Similar lessons can be applied to milk- and grain-based foods (milk products from pasture-fed cows tend to be healthier, as do ancient grains, like spelt and amaranth). As a rule, though, Cordain and other experts recommend minimizing both dairy and grains as much as possible, noting they were never part of our pre-agriculture diets and contribute to dietary imbalances when consumed in excess. “At the very least, eat dairy products from grass-fed animals, and eat whole grains,” advises Jo Robinson, author of Pasture Perfect (Vashon Island Press, 2004) and creator of www.eatwild.com.
Fallon argues that people can benefit from consuming raw milk products and also grains that have been fermented, such as those found in sourdough bread. Fermenting neutralizes grains’ phytic acid, increases vitamin content, and partially breaks down tannins, complex sugars and other hard-to-digest substances. Fallon also recommends older grain varieties, such as rye and wild rice.
One thing all parties can agree on: Refined grains increase the glycemic load, which is closely related to heart disease and diabetes, among other ailments. Plus, modern wheat has atrociously high levels of gluten, which has been blamed for the increasing prevalence of celiac disease and other intestinal problems.

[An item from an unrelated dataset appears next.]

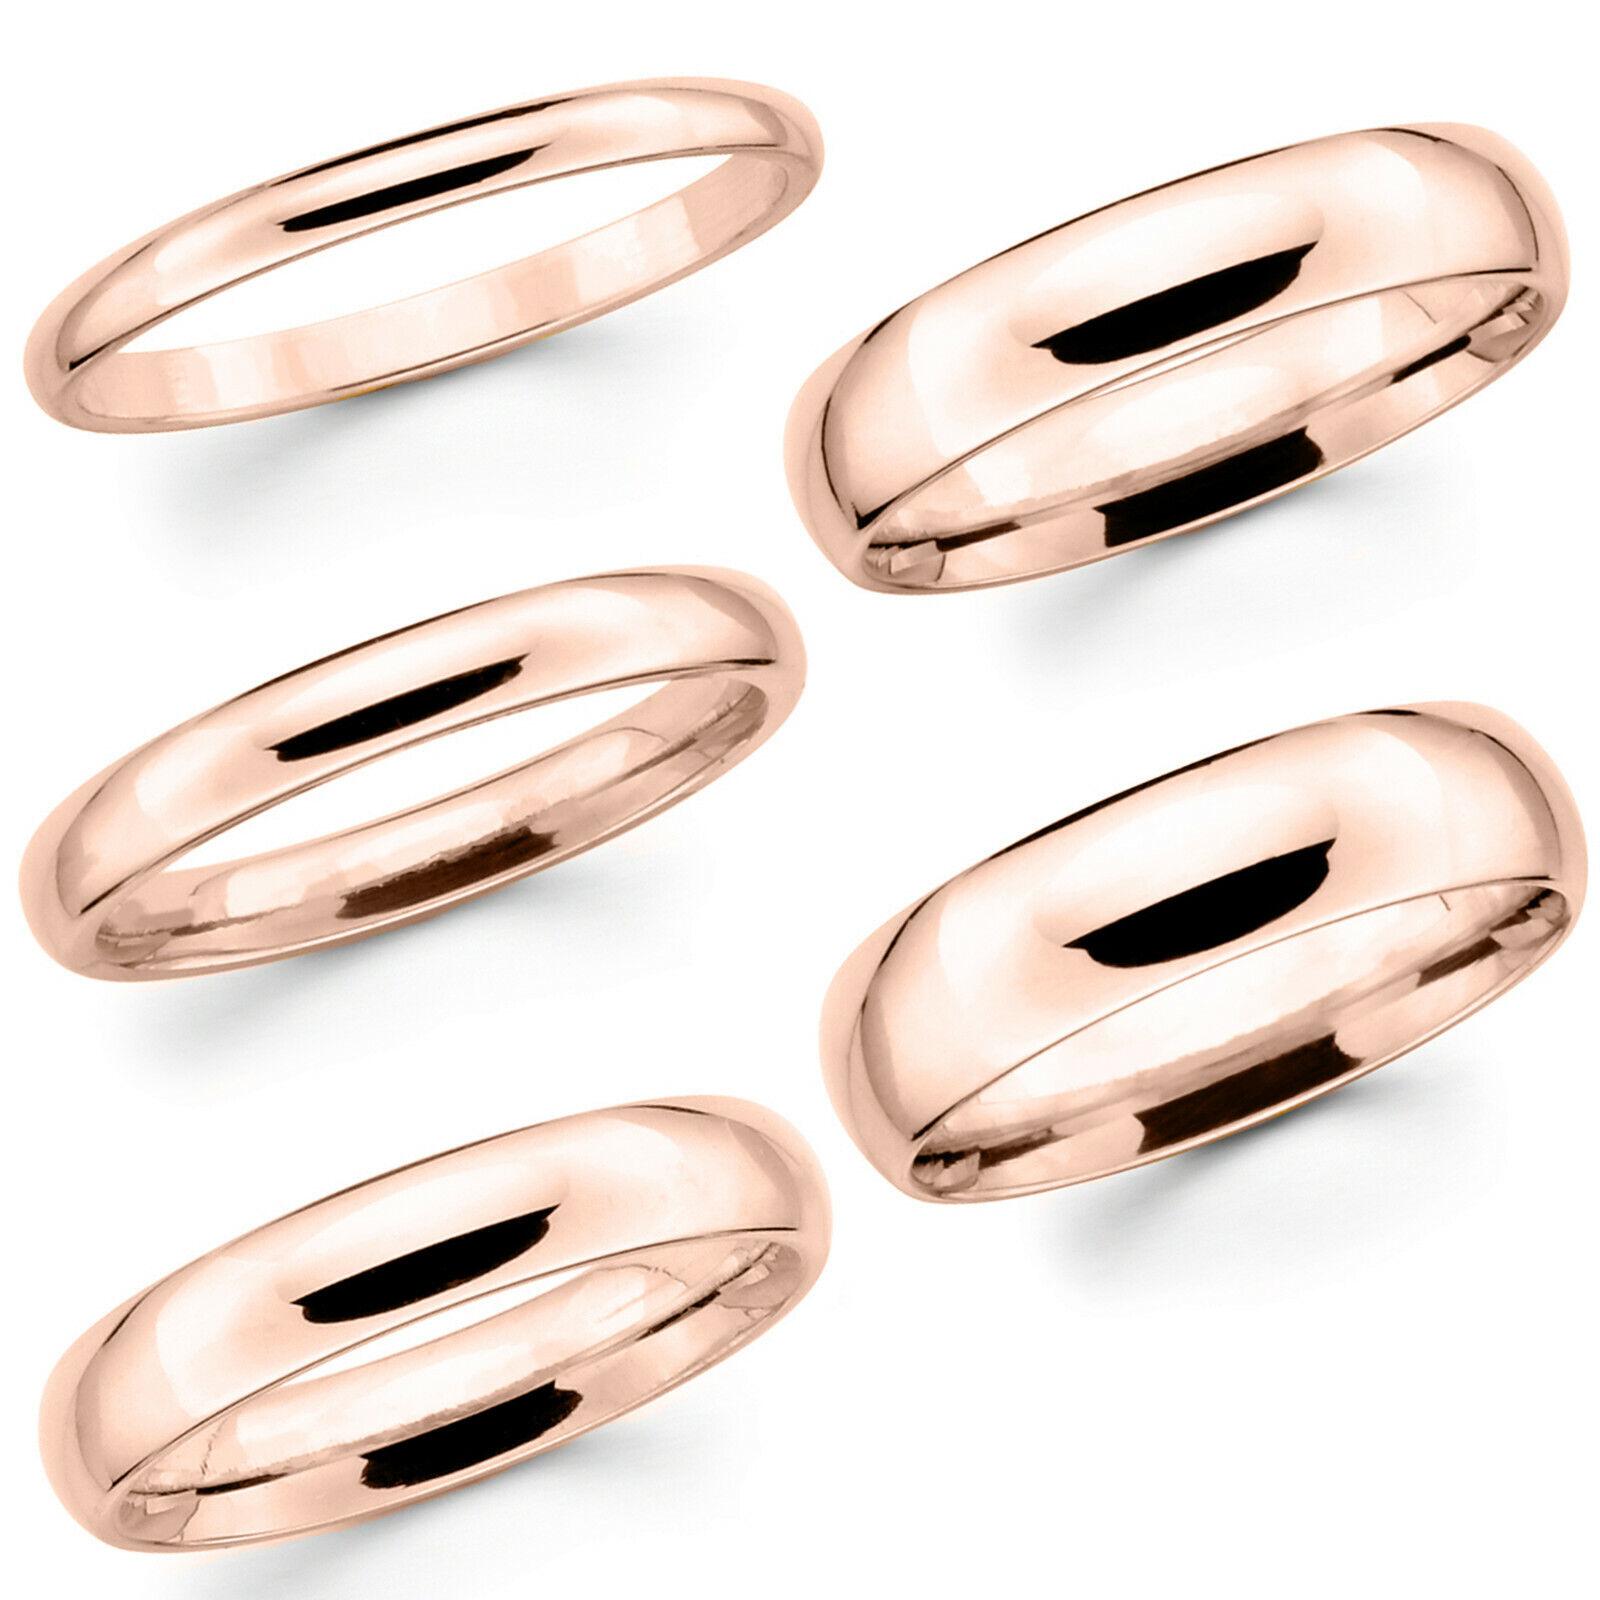 Solid 10K Rose Gold 2mm 3mm 4mm 5mm 6mm Comfort Fit Men Women Wedding Band Ring

Clear advice is even harder to find when you’re searching for healthy alternatives to nutrient-dense wild plants. Research comparing modern cultivars with organic produce and heirloom varietals is not yet conclusive – at least not in a useful way. “You would have to go cultivar by cultivar through all the scientific data to find out which one is the best,” says Robinson. In the meantime, she suggests, shop for organic or locally grown heirloom varieties of fruits and vegetables that are darker in color (these are believed to be closer to their wild plant forebears).
Experts point out that – just as with feedlot cows and factory-farmed grains – commercial produce is generally more about profit than taste or nutrition. Common supermarket varieties of fruits and vegetables are popular with conventional food growers and distributors because they mature quickly, harvest easily and travel well under mass-market conditions, and not because they are particularly delicious or nutritious. Wild foods, on the other hand, tend to be delicate. But they deliver practical nutritional benefits as well as sensory and spiritual gifts.
“When you talk about wild foods, you can’t just talk about fatty acids and carbs and vitamins,” notes Marc David, nutritionist and author of The Slow Down Diet (Healing Arts Press, 2005). “Wild foods are special because they have a power, a potency, a personality, a soul.”